TULSA, Oklahoma – The federal government’s decision to allow companies to seek authorization to kill and harm golden and bald eagles without penalty has come under fire from the Osage Nation.
The wind energy industry requested the change, and President Barack Obama’s administration announced its decision last week.
The Oklahoma-based tribe favors protecting eagles because of the birds’ symbolic significance to Americans and religious and ceremonial significance to Native Americans, said Osage Principal Chief John D. Red Eagle and Assistant Principal Chief Scott N. Bighorse.
“President Obama knows how important eagle feathers are to us: He was adopted into the Crow Nation and was adorned with a full war bonnet containing eagle feathers from head to toe,” said Bighorse, who is concerned that future generations to obtain the eagle feathers.
Chris Tollefson, a spokesman with the U.S. Fish and Wildlife Services, told The Journal Record (http://bit.ly/IPkNS8) that 15 companies have applied for the permits. The policy is not limited to renewable energy projects, and Tollefson said utilities, building companies and the military have expressed interest in applying for permits.

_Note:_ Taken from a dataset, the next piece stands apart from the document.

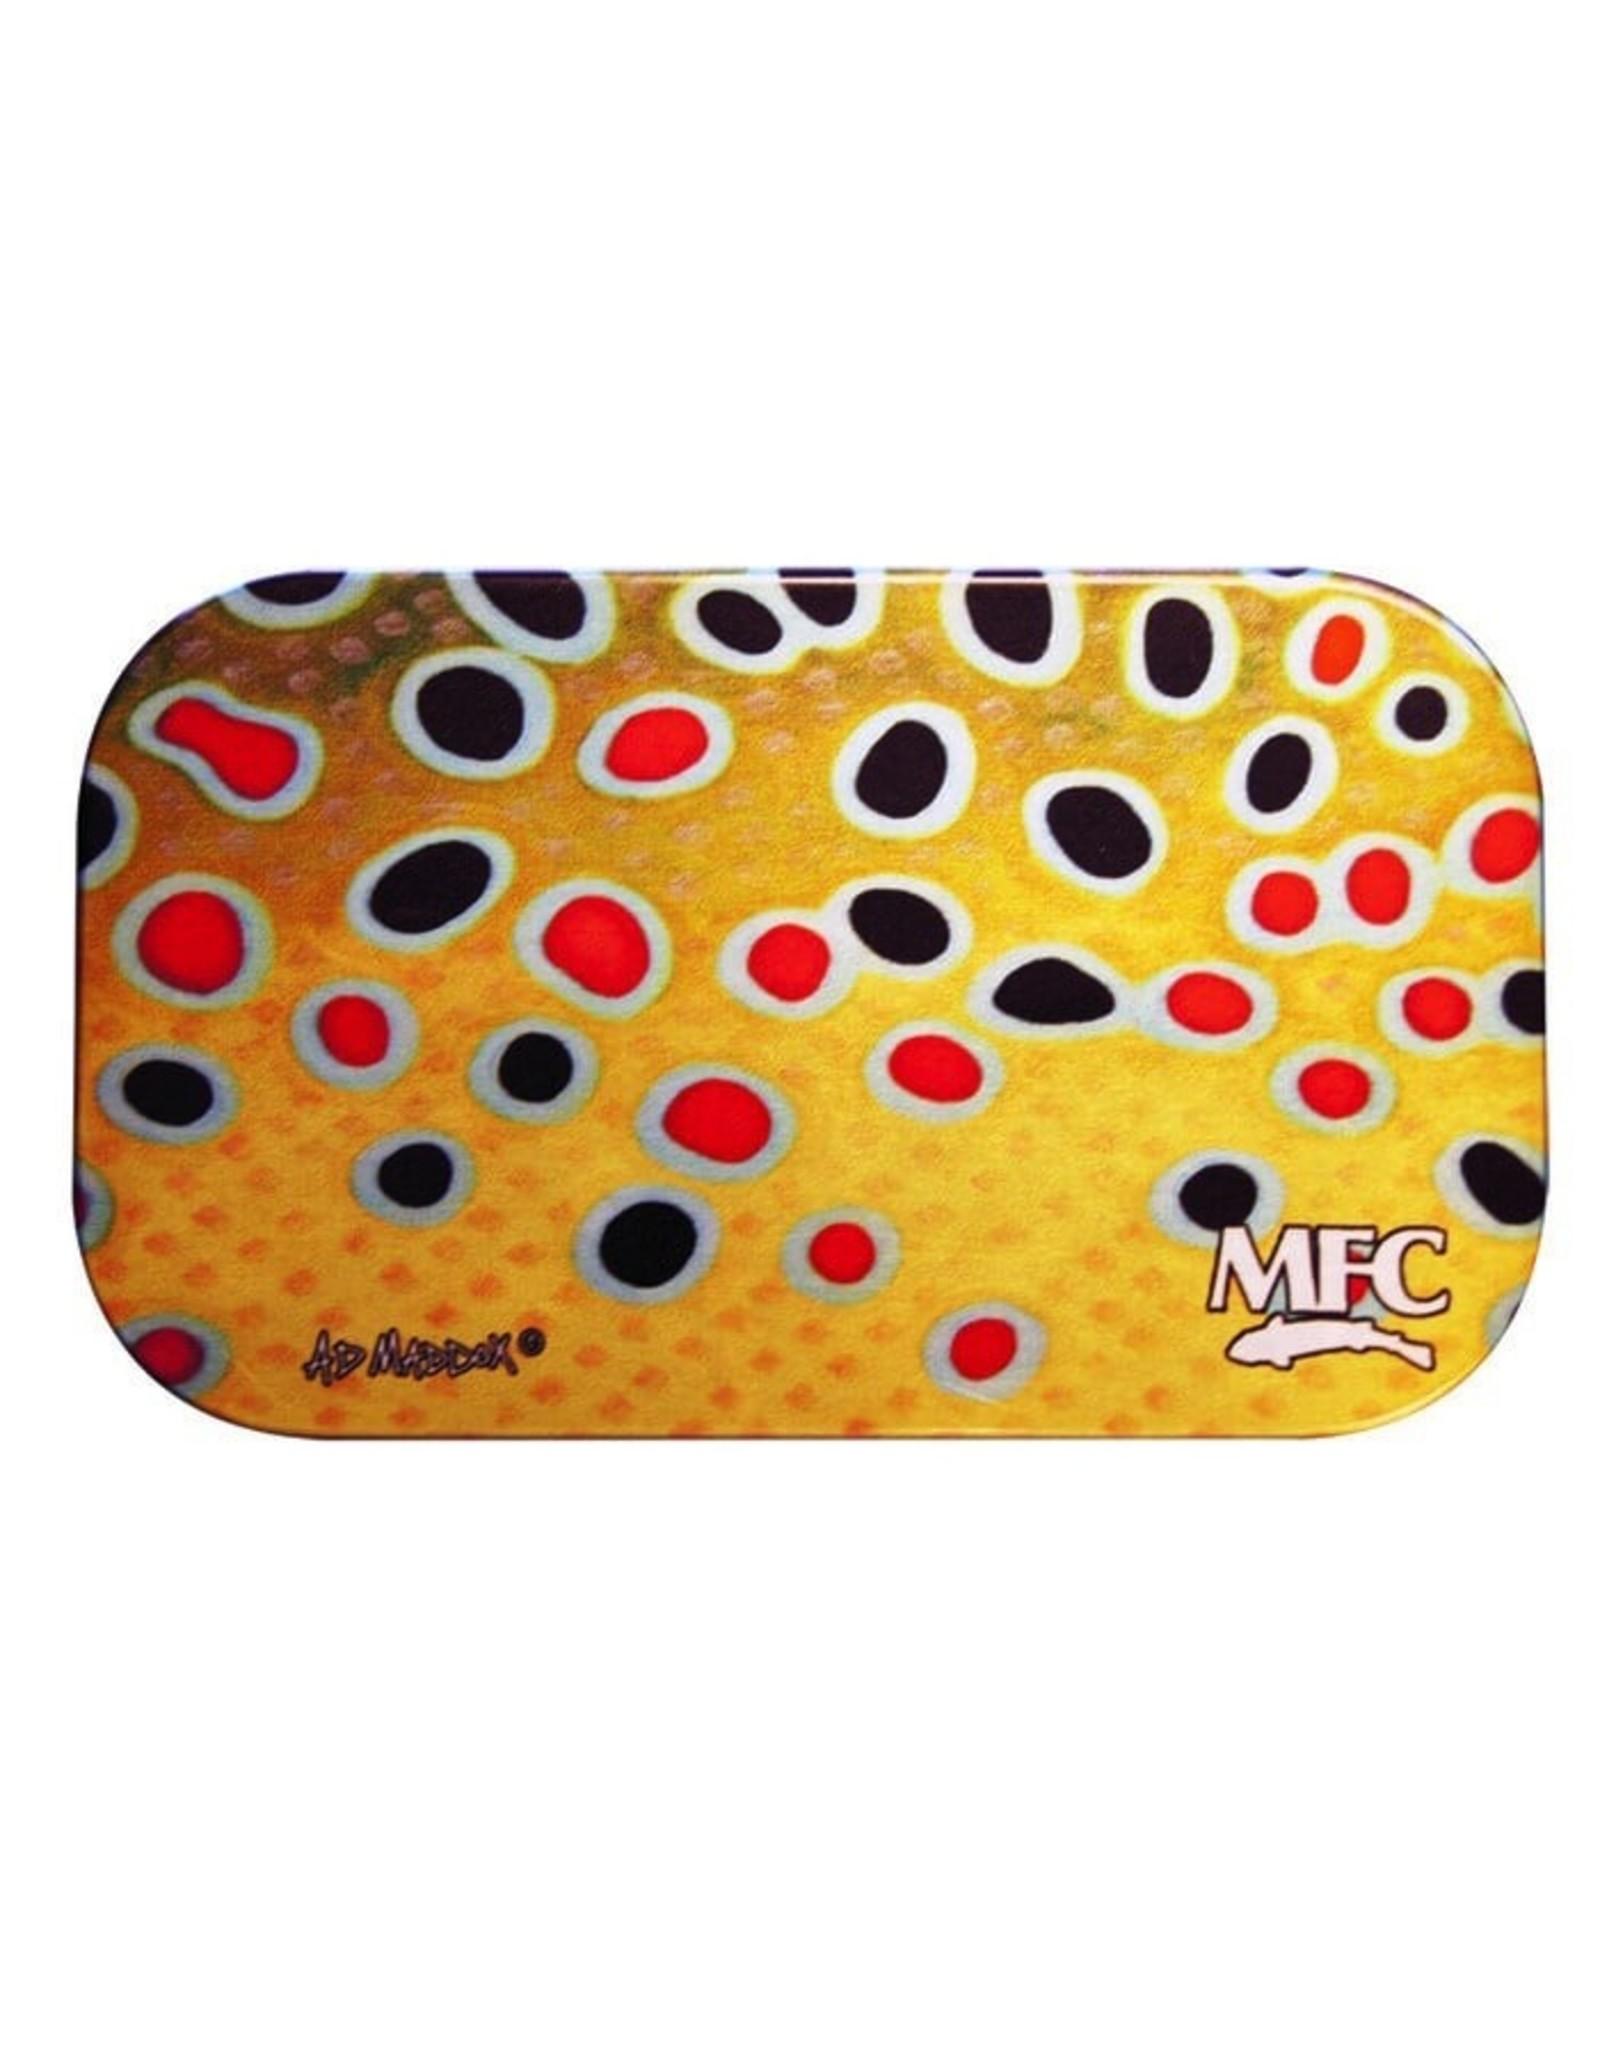 MFC MFC Aluminum Slit Foam Fly Box Maddox's Brown Trout Skin

“The companies have applied for various lengths of permits,” Tollefson said. “Although some companies are close, we have yet to issue one.”
Osage Nation leaders also said they were opposed to wind farm development in Osage County because wind turbines are planned in areas where a significant number of eagle nests are located, Red Eagle said
The new rule will provide legal protection for the lifespan of wind farms and other projects if companies obtain permits and make efforts to avoid killing protected birds.
Companies would have to take additional measures if they killed or injured more eagles than they initially estimate, or if new information suggested that eagle populations were being affected. The permits would be reviewed every five years, and companies would have to submit reports of how many eagles they killed.
Such reporting is currently voluntary, and the Interior Department refuses to release the information.
Last month, Duke Energy Corp. pleaded guilty to killing eagles and other birds at two wind farms in Wyoming, the first time a wind energy company had been prosecuted under a law protecting migratory birds.